It is not sufficient to say that batting in one-day cricket is a completely different exercise. The field is indeed spread out, not claustrophobically close; the bowling, usually, does not include those lifting chest-high balls which can be the stock delivery of the most potent attacks, those of the Pakistanis and West Indians. But the bowling is not significantly less in speed for being in a one-day international.
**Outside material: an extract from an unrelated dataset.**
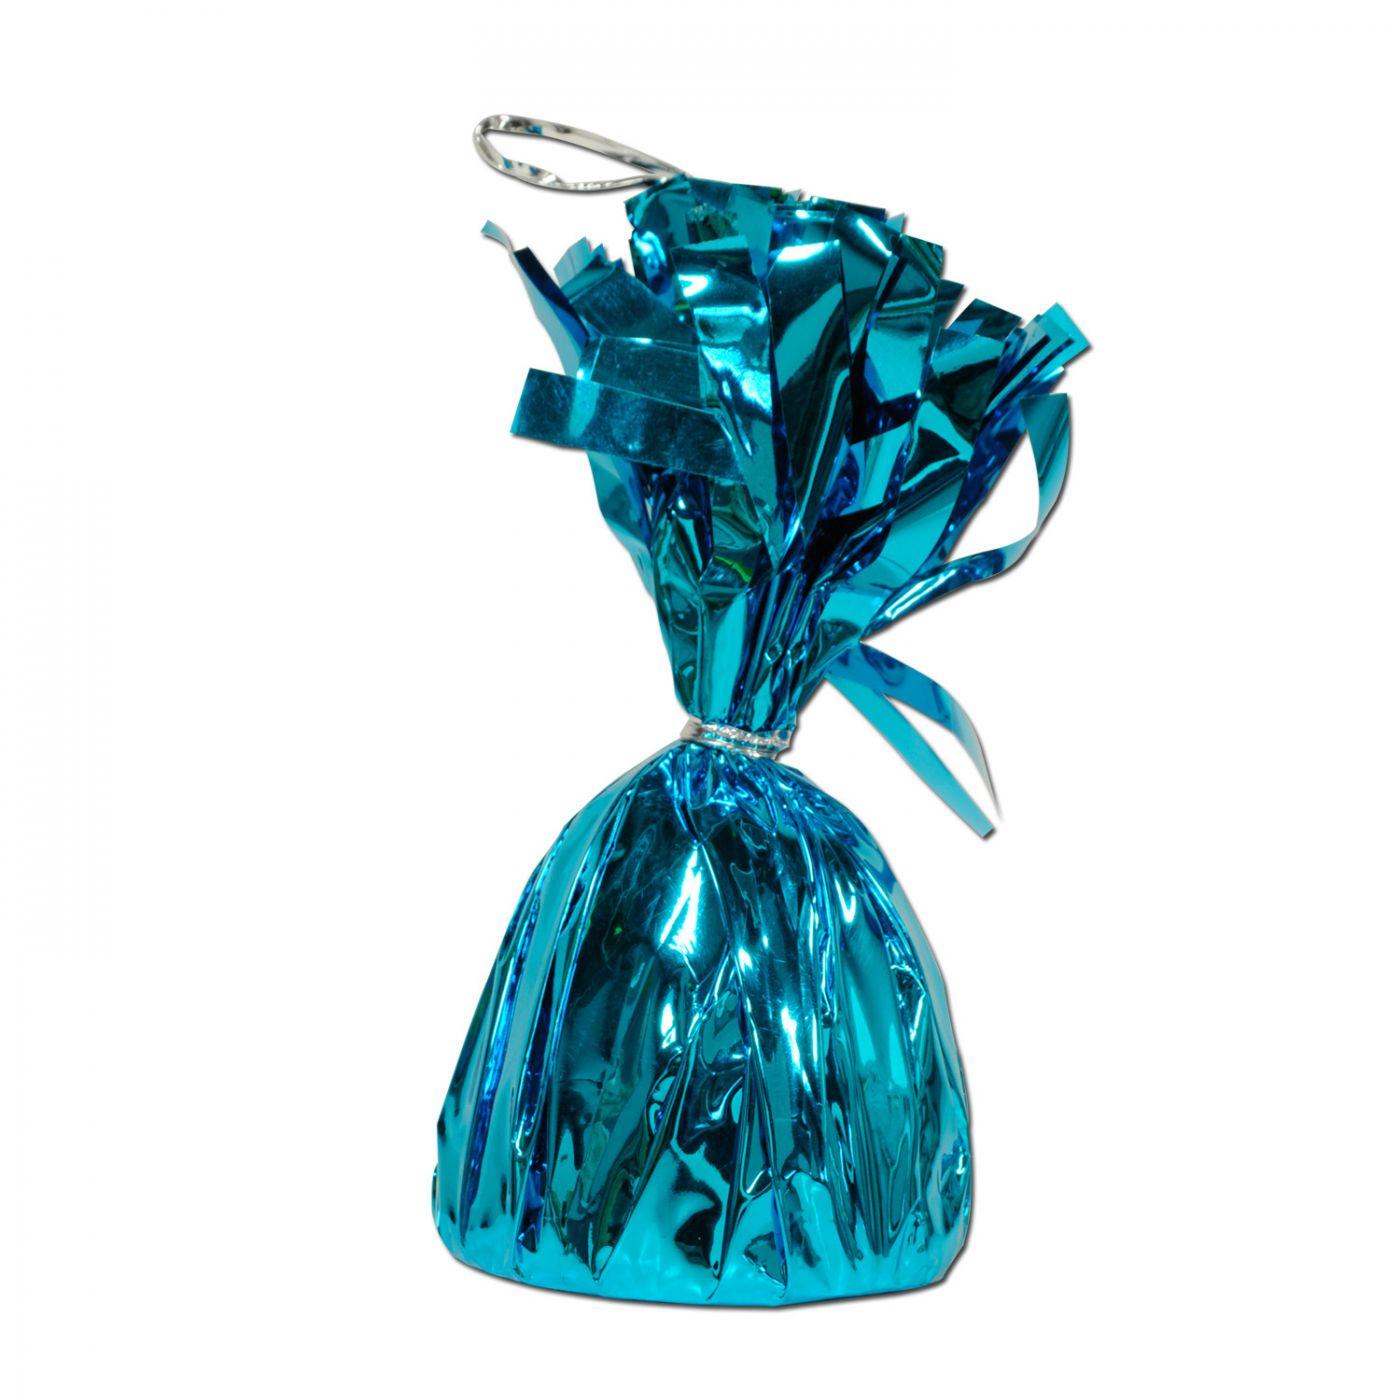 Metallic Wrapped Balloon Weight image

So there has to be something else to account for the phenomenon that Hick averages 18 in Test cricket, and 38 in one-dayers before this game, and Fairbrother, in an even more gross disparity, 8 in Tests and 42 in the others. And the explanation has to be found, since both batsmen have been given winter contracts, with the clear implication that England are going to take them to India, in place of Allan Lamb, and - possibly - David Gower.

The secret, if it is one, is that Hick in internationals is entirely focused on the ball: he sees it, then reacts in his 'natural' way, although what is called natural in this context is actually highly conditioned. He is confident, and fluid of movement, his proper self.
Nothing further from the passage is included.